The argument attacks a position by appealing to the despicable qualities, moral turpitude, and over-all lowness and meanness of a person who holds the position.

 

Comments:

A common way to attack an opponent, while appearing to attack the argument, is to attribute personal qualities to the argument, as in "That's a stupid argument!" Since arguments are not persons they cannot literally be stupid (or intelligent). Saying "That's a stupid argument," really means, "Only a stupid person would offer such an argument," so this is really an Ad Hominem - Abusive, even though it appears to be directed at the argument rather than at the person.

 

Examples:

"I can't believe that anyone really listens to what the National Rifle Association has to say. After all, they're just a bunch of ignorant yokels."

 

"Rush Limbaugh is a big, fat idiot." - title of a book by Al Franken

 

 "If they don't have the guts to come up here in front of you and say, 'I don't want to represent you, I want to represent those special interests, the unions, the trial lawyers...' if they don't have the guts, I call them girlie men." - Arnold Schwarzenegger (2004, referring to members of the California legislature)

 

"Look at that face. Would anyone vote for that? Can you imagine that, the face of our next president?" - Donald Trump (2015, in debate remarks critiquing candidate Carly Fiorina.)

 

Discussion:

Obviously peppering an argument with irrelevant insults does nothing to address the soundness of the opponent's argument. However, the Abusive fallacy may be persuasive because it mimics two contexts in which concern for the character or characteristics of a person is relevant.

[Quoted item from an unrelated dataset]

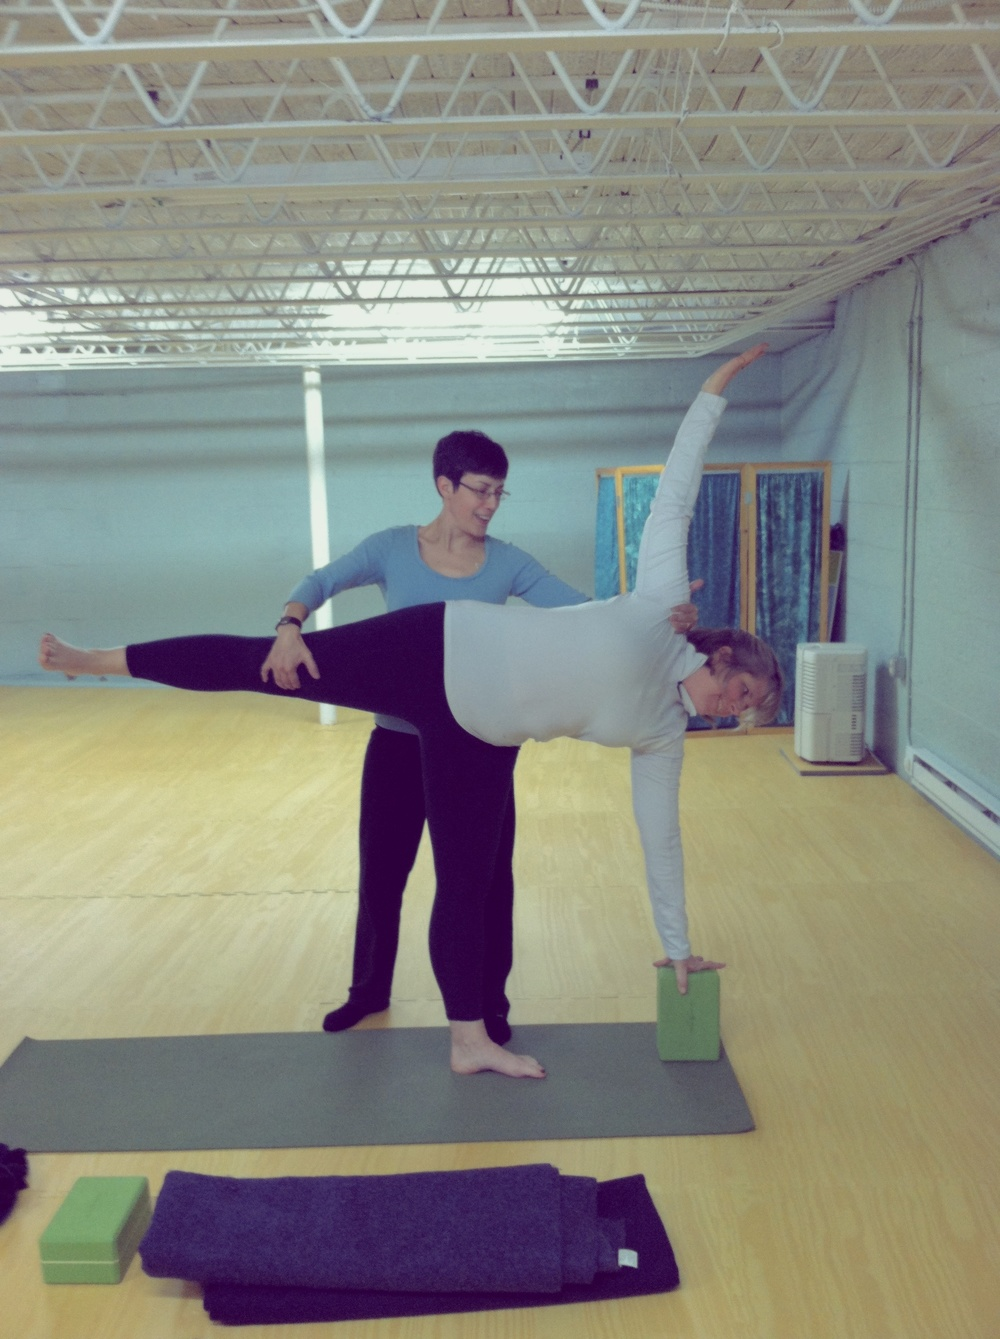 [2016.08.05] Yoga images14.jpg

1. There are occasions, such as job interviews and political campaigns (which are a sort of job interview) in which a person's intellectual, moral, and even physical characteristics are precisely the issue at hand. No bank wishes to hire dishonest clerks; the American public is justified in wishing not to be represented by dull-witted or immoral politicians; modeling agencies need to hire people with physical beauty. In such contexts, personal remarks--even insulting personal remarks--may be perfectly relevant and therefore non-fallacious.

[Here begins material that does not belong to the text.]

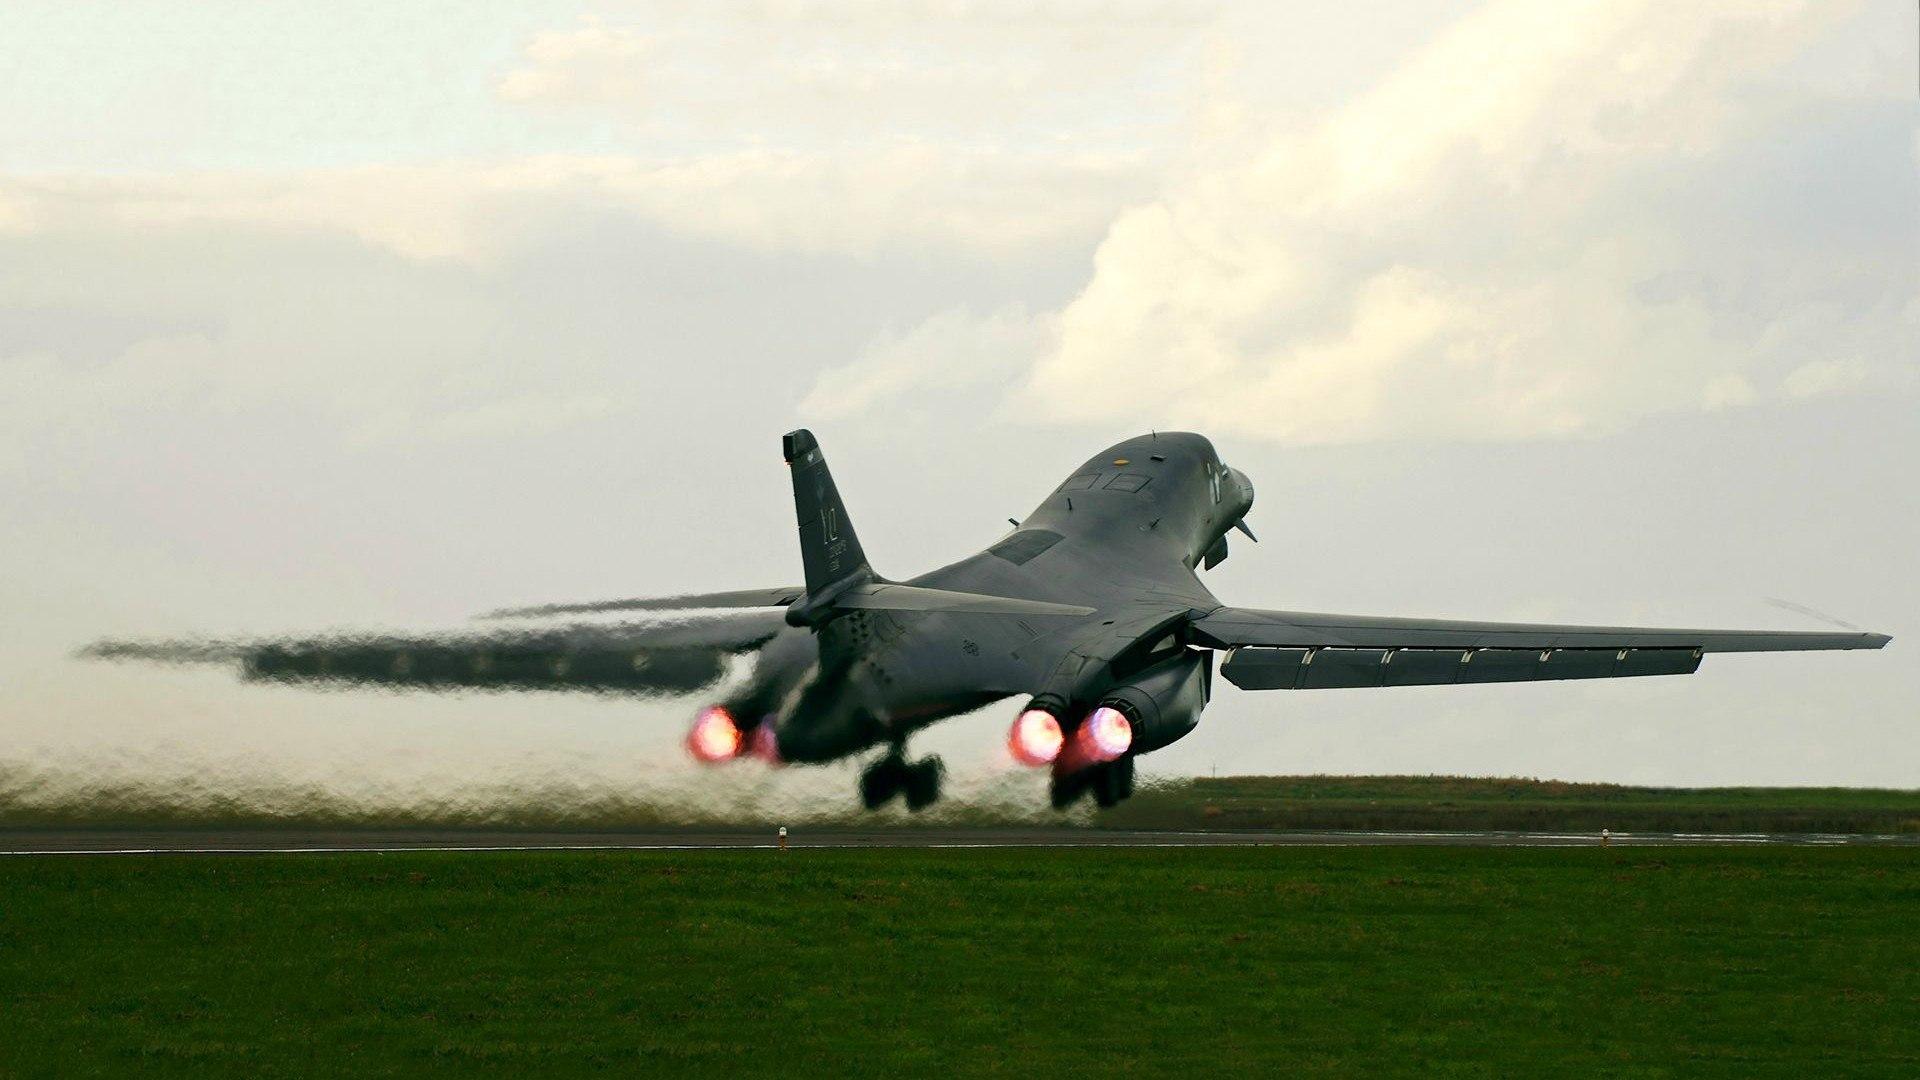 b 1b lancer bomber wallpaper - photo #1

2. Consider the inductive inference: people who have provided reliable and accurate information in the past are more likely to do so in the future; people who have based their arguments on unsubstantiated and inaccurate information in the past may not be worth listening to now. Where the quality of an argument rests on the accuracy and reliability of certain alleged facts, and where it is not convenient to check those facts for yourself, it is not fallacious to take into account the reputation of the person offering those facts.

Presumably, the Abusive fallacy is persuasive because we mistake the context of the argument for one of those in which the character or characteristics of the opponent do actually matter.

In any Ad Hominem - Abusive fallacy, the abuse should be in the actual words used, not just in a perceived tone of voice (especially if the fallacy is written and the perceived tone is only in the ear of the reader). It is not an Abusive fallacy to say, "You Americans..." even when it is said with a tone of contempt, since it is not abusive to call someone an American.

 

Source: Plato collected examples of this fallacy. The term "ad hominem" was coined by John Locke in An Essay Concerning Human Understanding, 1690. Apparently the first philosopher to distinguish the Abusive fallacy from other forms of Ad Hominem was Schopenhauer in "The Art of Controversy." He called it "argumentum ad personem" to indicate the more personal nature of the attack. I have not yet discovered who first used the term "abusive," but I first became aware of the term from Irving M. Copi, Introduction to Logic, the earliest edition of which appeared in 1953.